I always write down explicitly what i mean by ΔK etc when I solve problems. I think its a good habit.

 

[simphys]

I always write down explicitly what i mean by ΔK etc when I solve problems. I think its a good habit.

okay, apologies. change in kinetic energy aka the work-energy principle

 

[malawi_glenn]

okay, apologies. change in kinetic energy aka the work-energy principle

I meant
is ΔK = K_initial - K_final or ΔK = K_final - K_initial
I have marked soo many physics students exams where they mess up on this particular matter, since they have not written down what they mean by e.g. ΔK and then suddenly midway through their solutions seems to switch definition in their heads and get wrong result.

 

[simphys]

I meant
is ΔK = K_initial - K_final or ΔK = K_final - K_initial

always $\Delta K$= K_final - K_initial
might not be so clear with the subscripts my apologies. I normally have my picture accompanied with the problem at which I show position $1$ and $2$.

 

[simphys]

I meant
is ΔK = K_initial - K_final or ΔK = K_final - K_initial
I have marked soo many physics students exams where they mess up on this particular matter, since they have not written down what they mean by e.g. ΔK and then suddenly midway through their solutions seems to switch definition in their heads and get wrong result.

didn't see your explanation aferwards.
Well no I know that it is the second option, but what I didn't get is, why is the way I wrote it down not correct
I mean to me it kind of makes sense that $W_{NC}$ is negative because it's friction aka opposite to the direction of motion.

 

[kuruman]

Homework Statement:: 96. Proper design of automobile braking systems must account
for heat buildup under heavy braking. Calculate the thermal energy dissipated from brakes in a 1500-kg car that descends a 17° hill. The car begins braking when its speed is and slows to a speed of in a distance of 0.30 km measured along the road.

The statement of the problem is missing the initial and final velocities.
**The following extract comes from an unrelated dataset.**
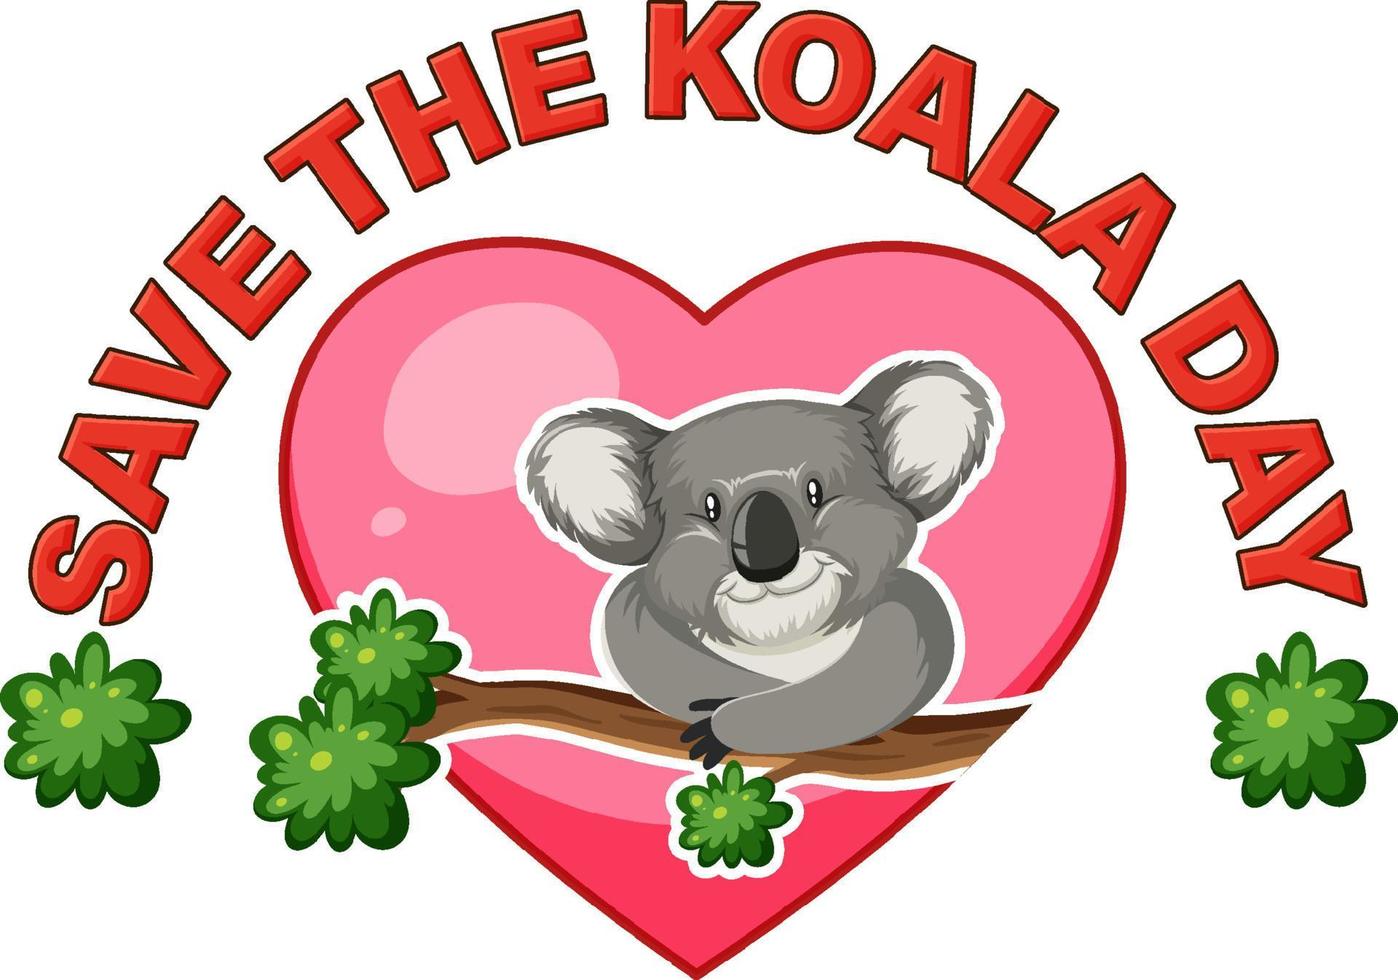 salve o design de banner do dia do coala vetor

Please provide them.

 

[simphys]

The statement of the problem is missing the initial and final velocities. Please provide them.

apologies edited

 

[simphys]

@drmalawi let me show you a small piece of the textbook to why I do it this way

 

[malawi_glenn]

I mean to me it kind of makes sense that WNC is negative because it's friction aka opposite to the direction of motion.
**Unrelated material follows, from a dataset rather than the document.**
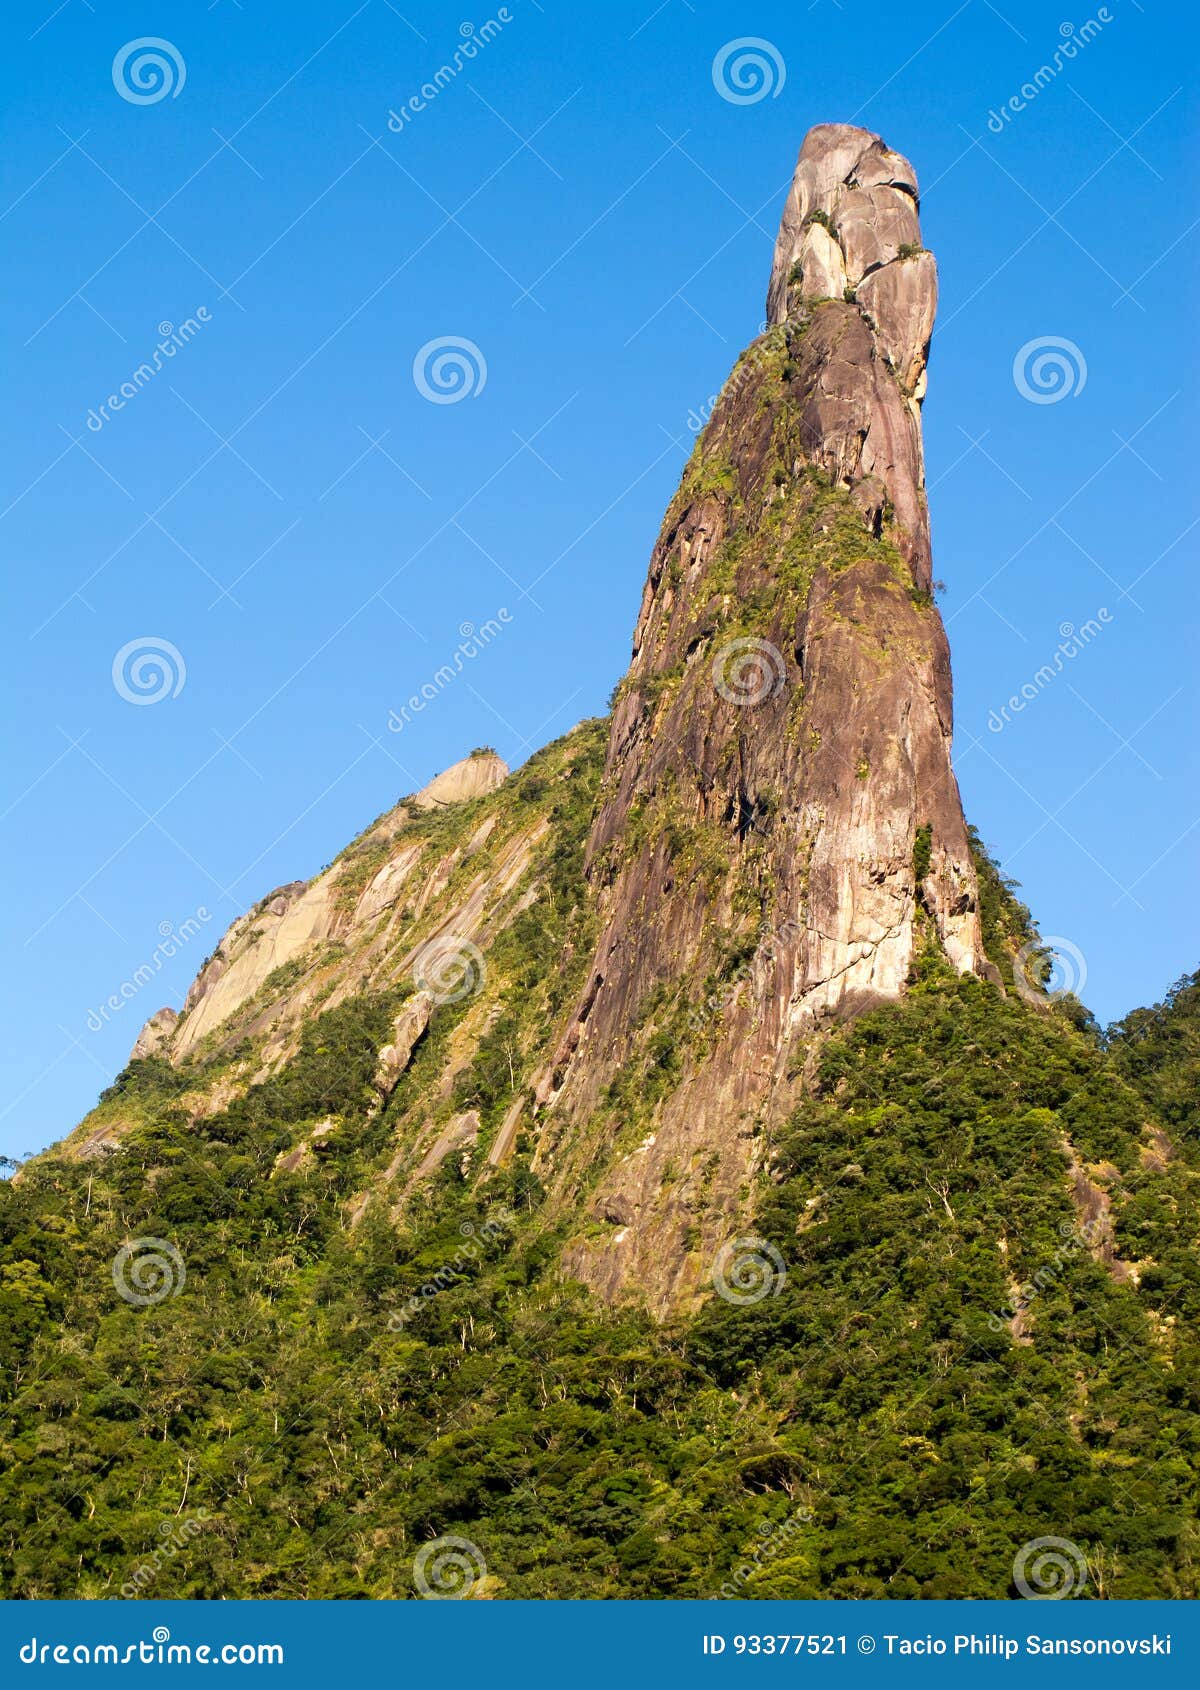 dedo de deus - gods finger mountain in rio de janeiro - brazil

if indeed ΔK = Kfinal - Kinitial and ΔU = Ufinal - Uinitial then your WNS will be negative, and the absolute value of this is the amount of thermal energy

@drmalawi let me show you a small piece of the textbook to why I do it this way

You don't have to I know what you mean now, I just wanted to give you a little advice on being meticulous regarding definitions

 

[simphys]

if this is not clear, I can make a picture from my actualy textbook if necessary, this is an online pdf version

as can be read here, It only becomes negative once $W_{NC}$ is changed with $F*displacement$ hence that is why I use it like this.

 

[simphys]

if indeed ΔK = Kfinal - Kinitial and ΔU = Ufinal - Uinitial then your WNS will be negative, and the absolute value of this is the amount of thermal energy

You don't have to I know what you mean now, I just wanted to give you a little advice on being meticulous regarding definitions

so if I assume it as the absolute value, that'll be a correct way to solve the problem? (just to make sure)

 

[malawi_glenn]

assume it as the absolute value

you don't have to assume it, it is by definition. The work done by friction will reduce the mechanical energy in your system. The lost mechanical energy is converted to heat.

 

[simphys]

if indeed ΔK = Kfinal - Kinitial and ΔU = Ufinal - Uinitial then your WNS will be negative, and the absolute value of this is the amount of thermal energy

You don't have to I know what you mean now, I just wanted to give you a little advice on being meticulous regarding definitions

Didn't see the second comment again.. 'You don't have to I know what you mean now, I just wanted to give you a little advice on being meticulous regarding definitions' Thank you. for this specific chapter about conservation of energy, the most important thing that I overlooked was actually the biggest relation that is made. which is the fact that during a change in energy there's always work done in the process. I looked at it at first (work and energies) as being two different ways to solve a problems whilst they're very closely related. It's just that we convert the work done by forces into energies dependent on what system we would choose.

 

[malawi_glenn]

a change in energy there's always work done in the process.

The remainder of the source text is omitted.